How do non-alcoholic spirits work in classic cocktail recipes?

Non-alcoholic spirits step into the role of the base spirit. They carry citrus, sugar, bitters, and dilution the same way their alcoholic counterparts do. Some recipes need small ratio adjustments, but the technique stays the same: build the drink, balance the elements, and let the base spirit define the profile.

Do zero-proof cocktails taste like the originals?

They taste like cocktails: recognizable, structured, and intentional. The goal isn't imitation; it's integrity. When the build is balanced and the spirit has presence, you get the character of the drink without relying on alcohol to do the work.

Can zero-proof cocktails have real complexity?

Yes. Complexity comes from design, not ethanol. A well-built zero-proof cocktail shows layers: aromatics, texture, finish. The craft sits in the composition, not the ABV. The right non-alcoholic spirit brings the structure; the ingredients do the rest.

What is the difference between zero-proof and low-proof cocktails?

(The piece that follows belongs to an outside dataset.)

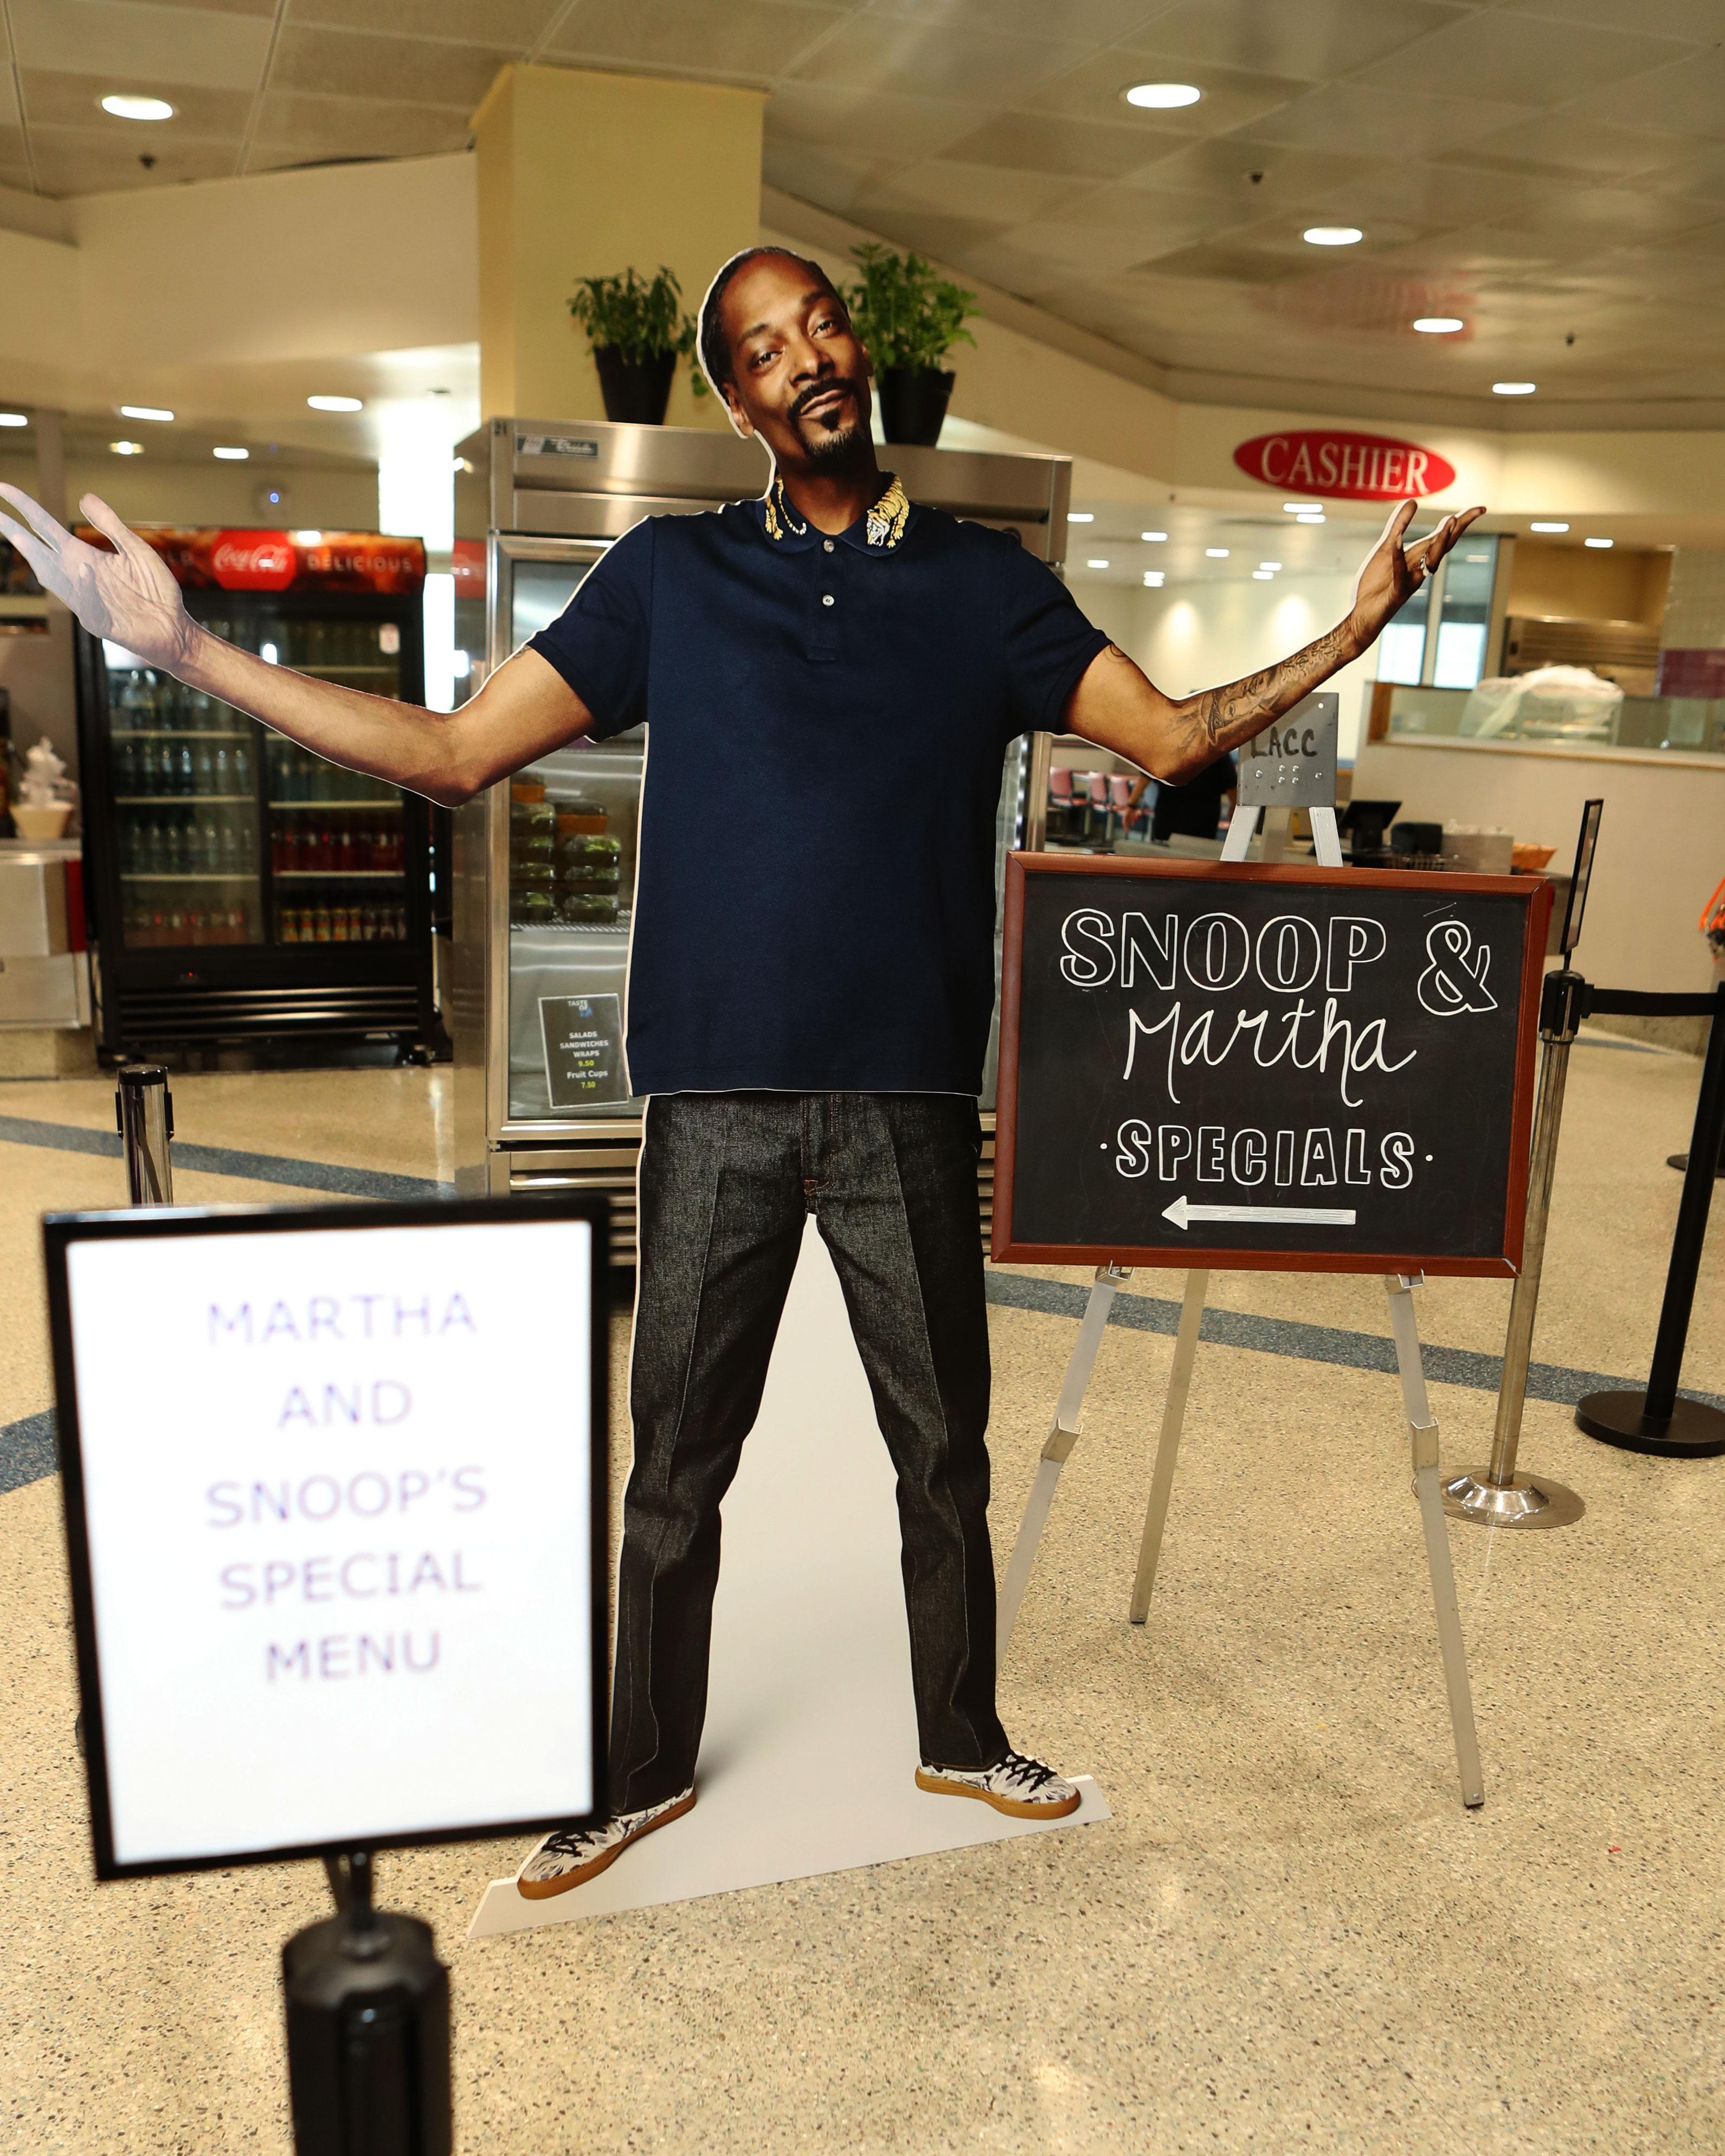 The Snoop Dogg and Martha Stewart Cookbook Does Not Disappoint The Snoop Dogg and Martha Stewart Cookbook Does Not Disappoint

Zero-proof cocktails contain no alcohol. Low-proof cocktails blend traditional spirits with non-alcoholic spirits to dial down the ABV while keeping the drink's identity intact. It's the easiest way to keep the ritual, cut the intensity, and stay in full control of the experience.

Why does Free Spirits work so well in both zero-proof and low-proof cocktails?

The Spirit of Bourbon is built with oak-forward depth and enough body to hold bitters and sweetness in balance. Whether you use it as the sole base or split it with traditional bourbon, it behaves like a true cocktail foundation, keeping the drink structured, complex, and true to form.